╭─ DATA RECORDS

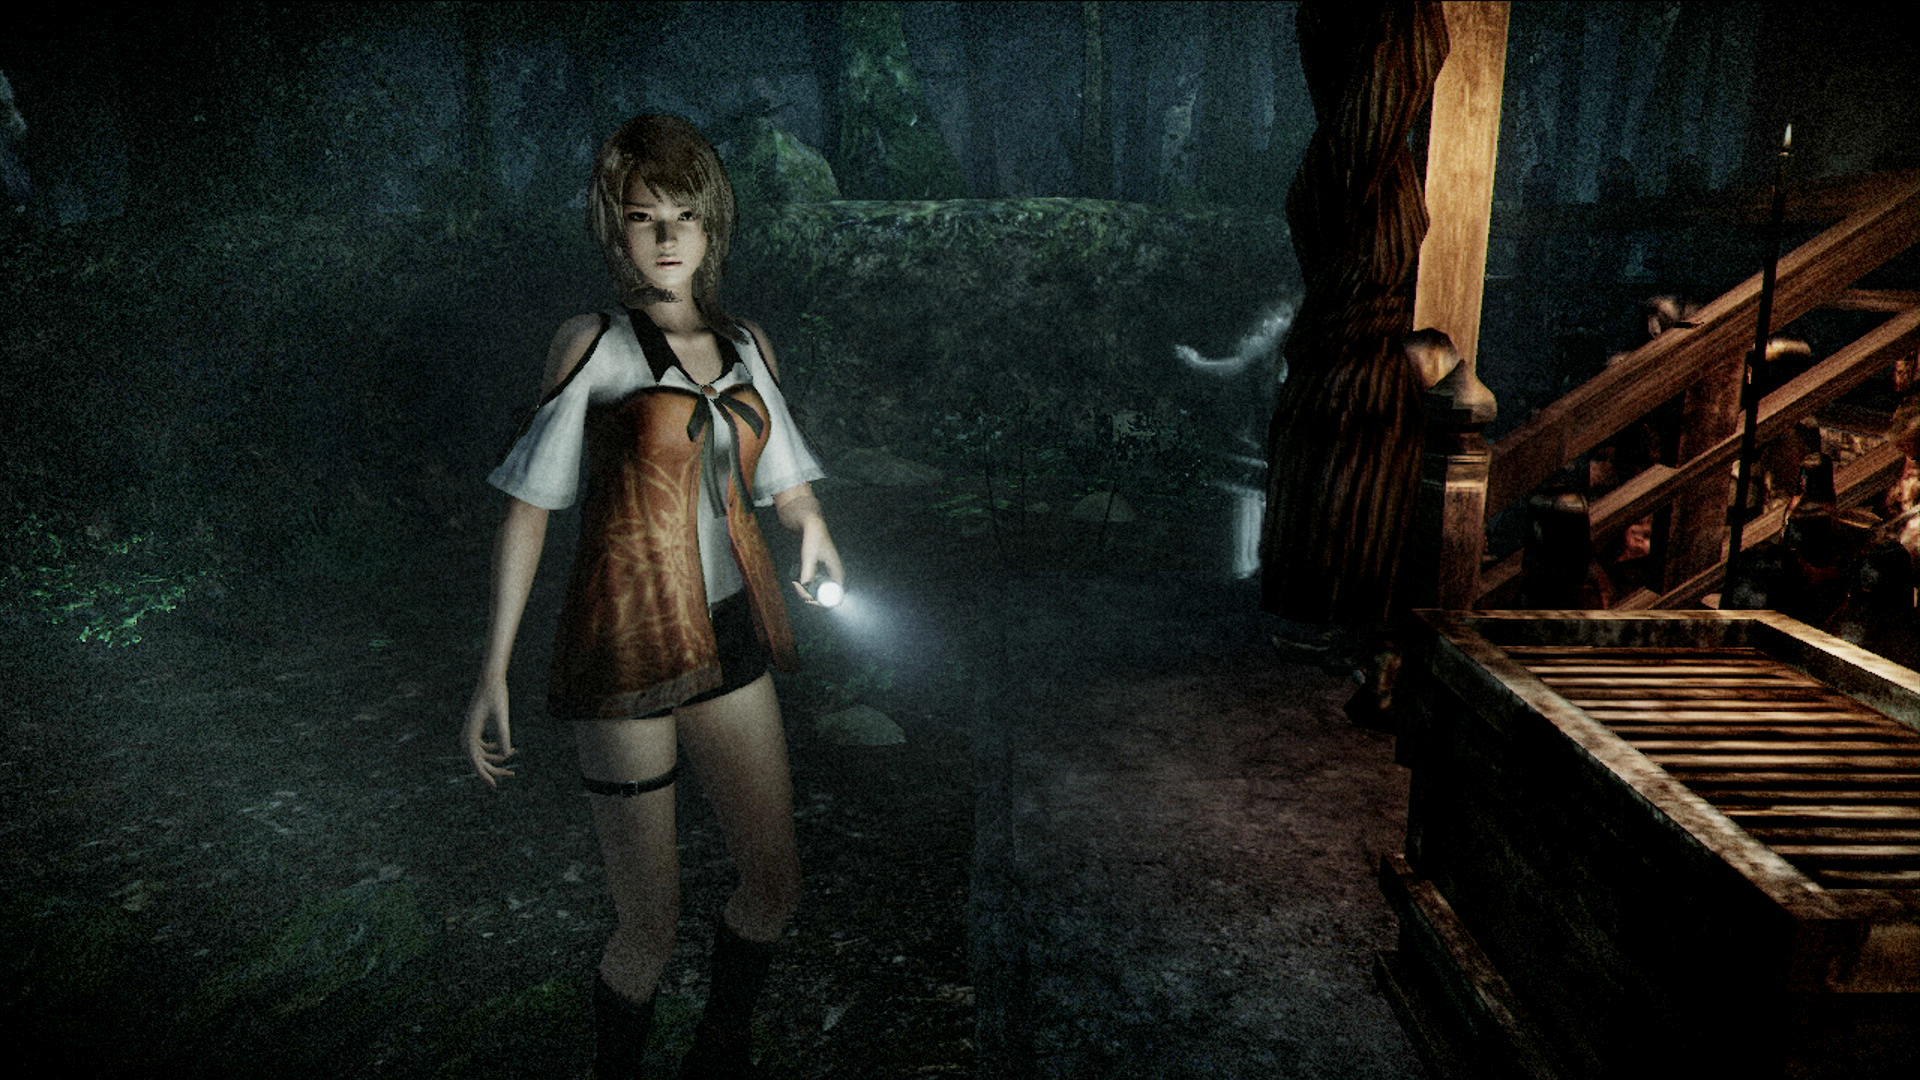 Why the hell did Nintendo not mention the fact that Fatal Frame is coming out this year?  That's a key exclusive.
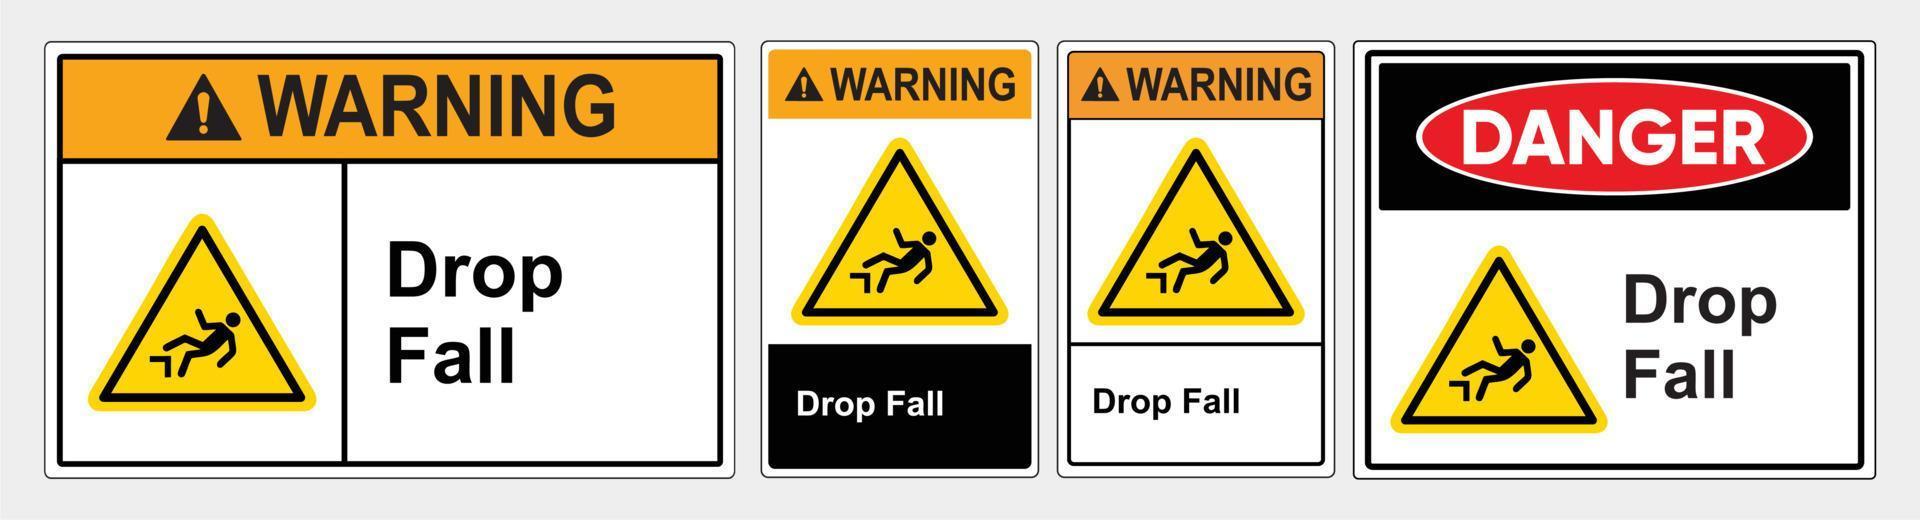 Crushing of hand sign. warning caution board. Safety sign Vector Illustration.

╰─
╭─ DATA RECORDS

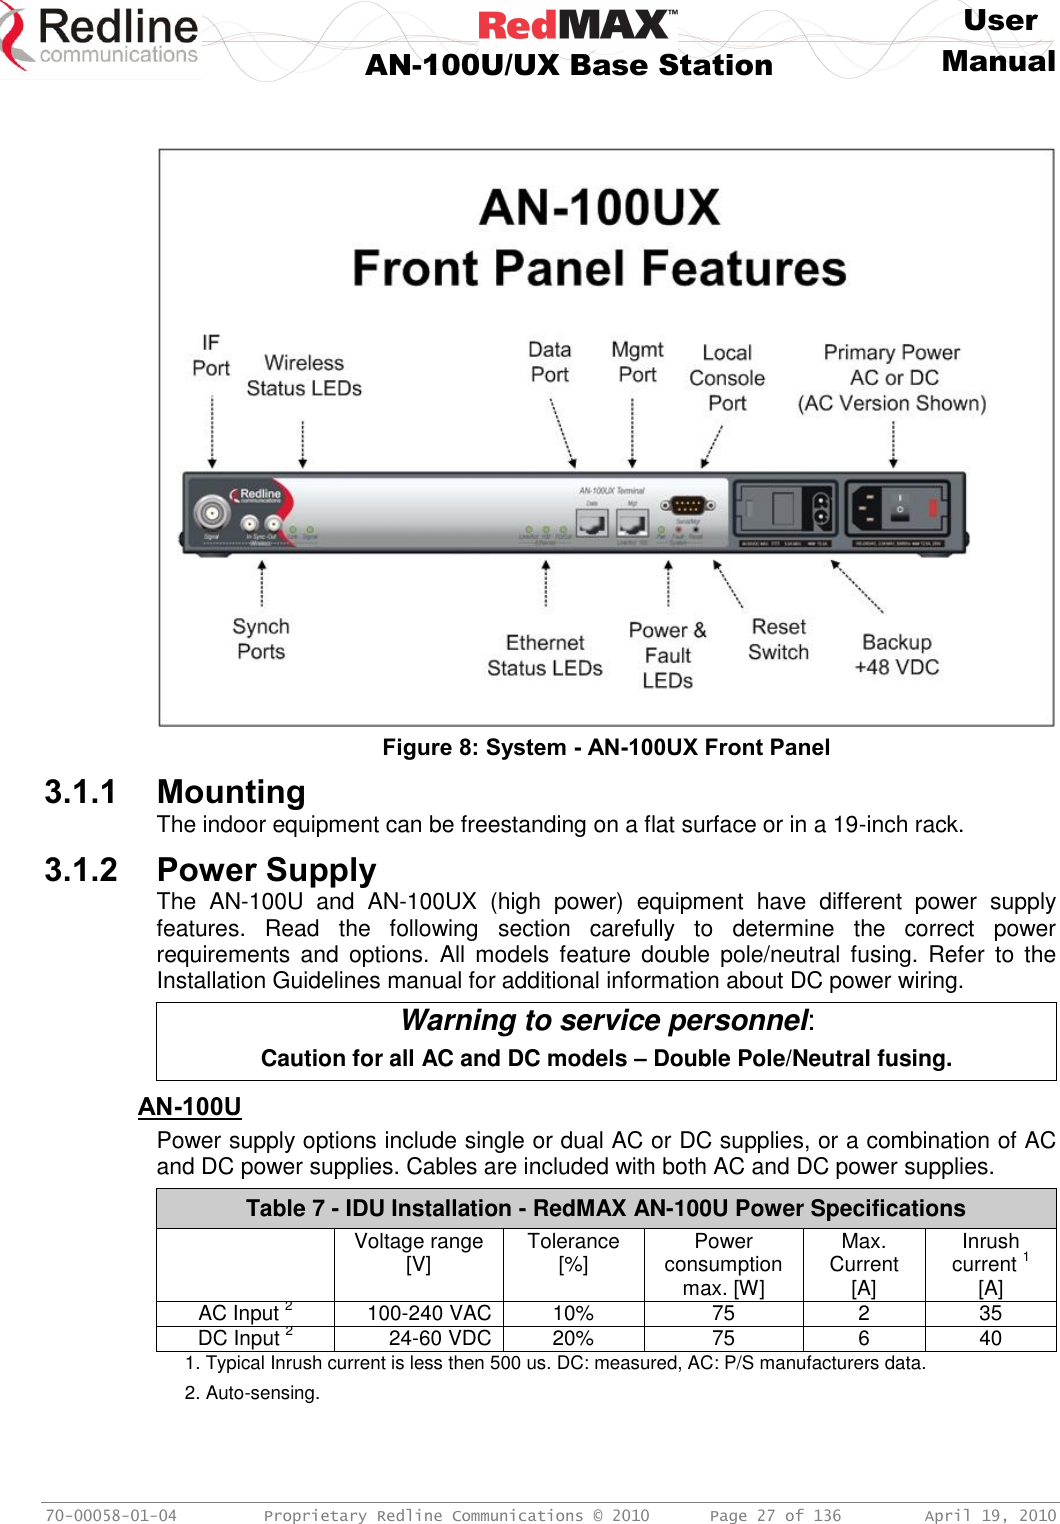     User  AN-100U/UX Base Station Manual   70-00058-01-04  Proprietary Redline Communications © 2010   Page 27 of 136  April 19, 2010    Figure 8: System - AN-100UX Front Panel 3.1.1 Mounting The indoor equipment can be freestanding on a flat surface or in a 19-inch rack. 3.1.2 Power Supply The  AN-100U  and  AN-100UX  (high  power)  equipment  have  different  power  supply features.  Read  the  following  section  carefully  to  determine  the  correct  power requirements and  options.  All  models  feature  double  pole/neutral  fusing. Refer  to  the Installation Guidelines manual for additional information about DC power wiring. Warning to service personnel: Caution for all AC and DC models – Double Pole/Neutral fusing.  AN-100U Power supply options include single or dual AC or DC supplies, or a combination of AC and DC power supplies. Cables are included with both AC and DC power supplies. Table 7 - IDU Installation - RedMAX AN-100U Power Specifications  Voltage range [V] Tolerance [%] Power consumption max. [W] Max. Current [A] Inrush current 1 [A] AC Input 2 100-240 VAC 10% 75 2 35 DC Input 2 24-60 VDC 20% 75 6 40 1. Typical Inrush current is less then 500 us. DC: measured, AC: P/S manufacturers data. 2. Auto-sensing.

╰─
╭─ DATA RECORDS

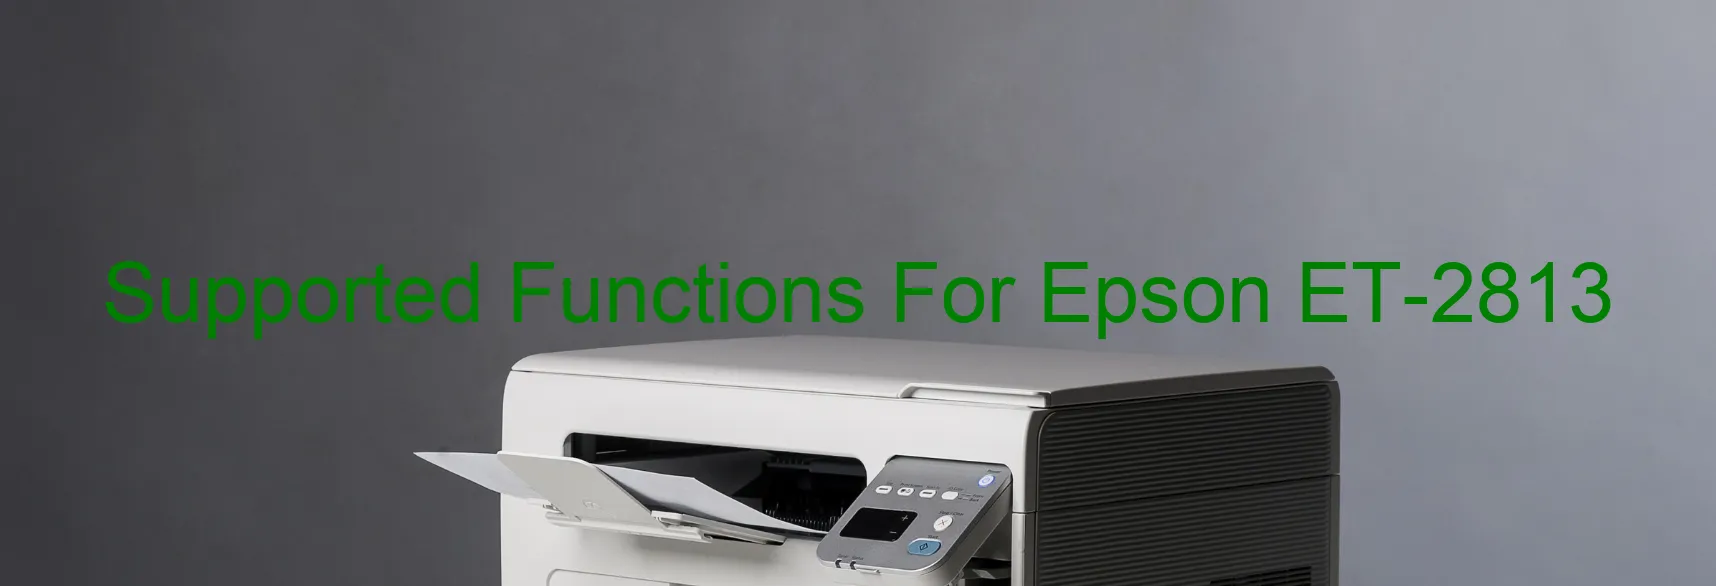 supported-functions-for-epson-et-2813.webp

╰─

* TASK INSTRUCTIONS
Once the line with "Why the hell" has been found above, output that line and every later line exactly, stopping after the line with "Crushing of hand", and omit the pictures.

* OUTPUT FOR THIS TASK
 Why the hell did Nintendo not mention the fact that Fatal Frame is coming out this year?  That's a key exclusive.
 Crushing of hand sign. warning caution board. Safety sign Vector Illustration.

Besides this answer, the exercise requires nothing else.